Stroke has characteristics of high mortality, high disability rate, high recurrence rate, etc. and is seriously harmful to human health. Due to the complexity of the fine structure of brain tissue, it is particularly sensitive and vulnerable to hypoxic-ischemic injuries. So far, therapeutic drugs with definite efficacy are rare in clinical practice.
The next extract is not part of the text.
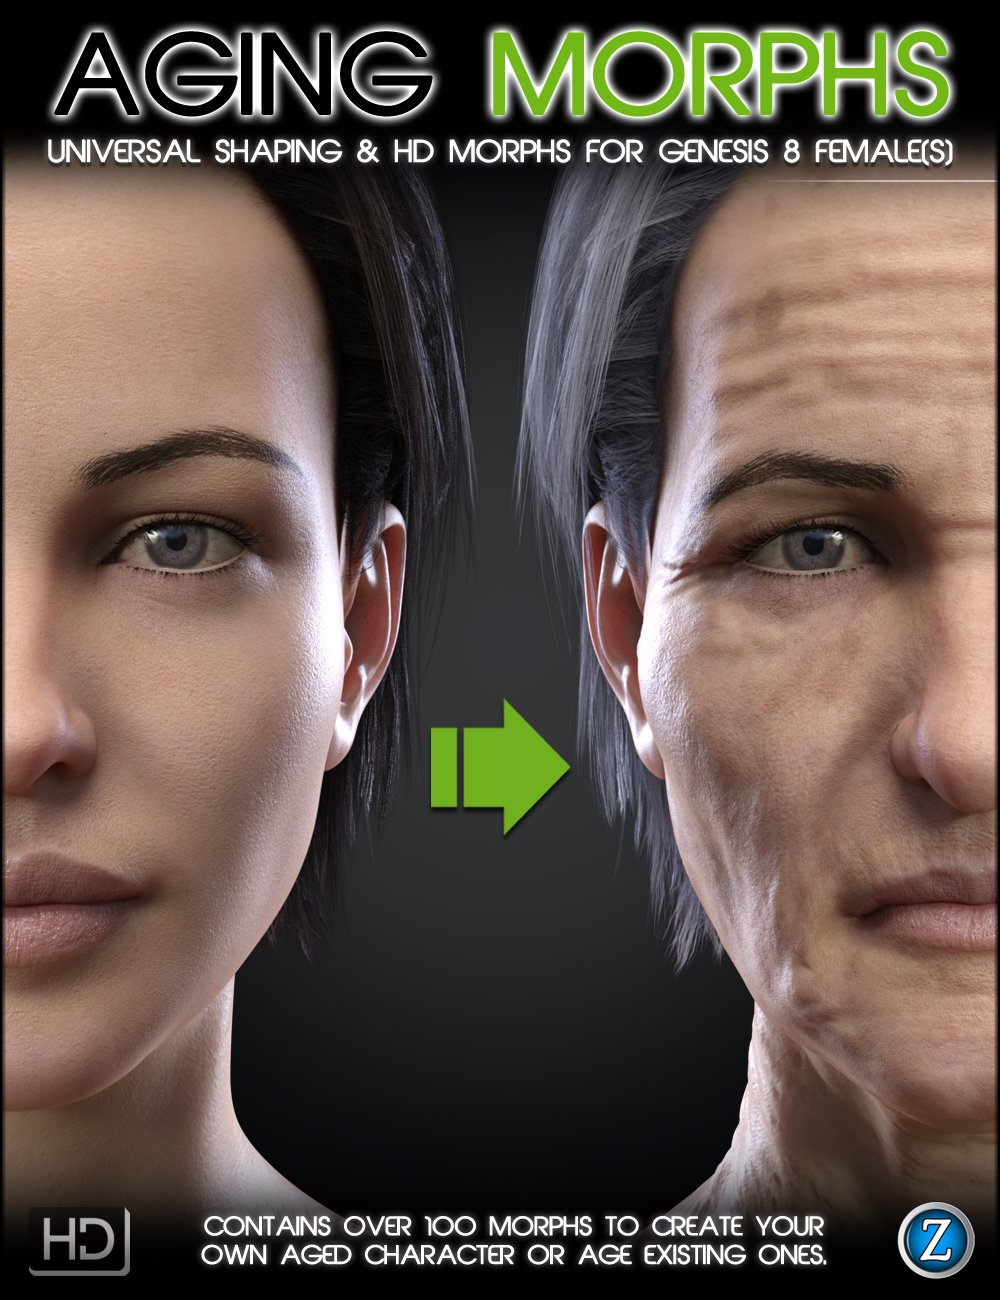 Aging Morphs for Genesis 8 Female(s) by: Zev0, 3D Models by Daz 3D

Studies have shown that the excessive release of excitatory amino acids such as glutamate under a condition of cerebral ischemia results in overstimulation of N-methyl-D-aspartate receptor (NMDAR), thereby nitric oxide (NO) is released pathologically through NMDAR-PSD-95-nNOS signaling pathway (Science, 1999, 284, 1845-1848; Nature Medicine 2010, 16, 1439-1443), in which nNOS is neuronal nitric oxide synthase and PSD-95 is postsynaptic density protein-95. NO with a strong oxidizing property itself will directly damage surface lipids and internal structures of the surrounding cells when NO is excessively released or cleared up insufficiently. On the other hand, great amount of oxygen anion free radicals (O2−.) produced during the cerebral ischemia-reperfusion react with NO to generate nitrite superoxide anion free radicals (ONOO−.), which as a strong and stable oxidant will cause more severe damage to cells (Cell. Mol. Life. Sci., 2004, 61, 657-668). Thus, NMDAR-mediated activation of nNOS is a key event to the excitotoxic occurrence of neurons. Although a number of drugs were developed based on the two target molecules, direct intervention with them often leads to severe side effects due to the very important physiological functions of NMDAR and nNOS (Curr. Opin. Pharmacol., 2006, 6, 53-60). Selectively blocking the interaction of NMDAR with PSD-95 (Science, 2002, 298, 846-850) or nNOS with PSD-95 (Nature Medicine 2010, 16, 1439-1443) other than directly interfering NMDAR or nNOS may inhibit pathological release of NO after cerebral ischemia without affecting physiological functions of NMDAR and nNOS, raising the possibility of obtaining safe and effective therapeutic drugs against cerebral ischemia with no significant side effects. Moreover, the coupling of nNOS and PSD-95 is more ideal drug target as it is downstream in the whole signal pathway (Neuropharmacology, 2003, 45, 738-754).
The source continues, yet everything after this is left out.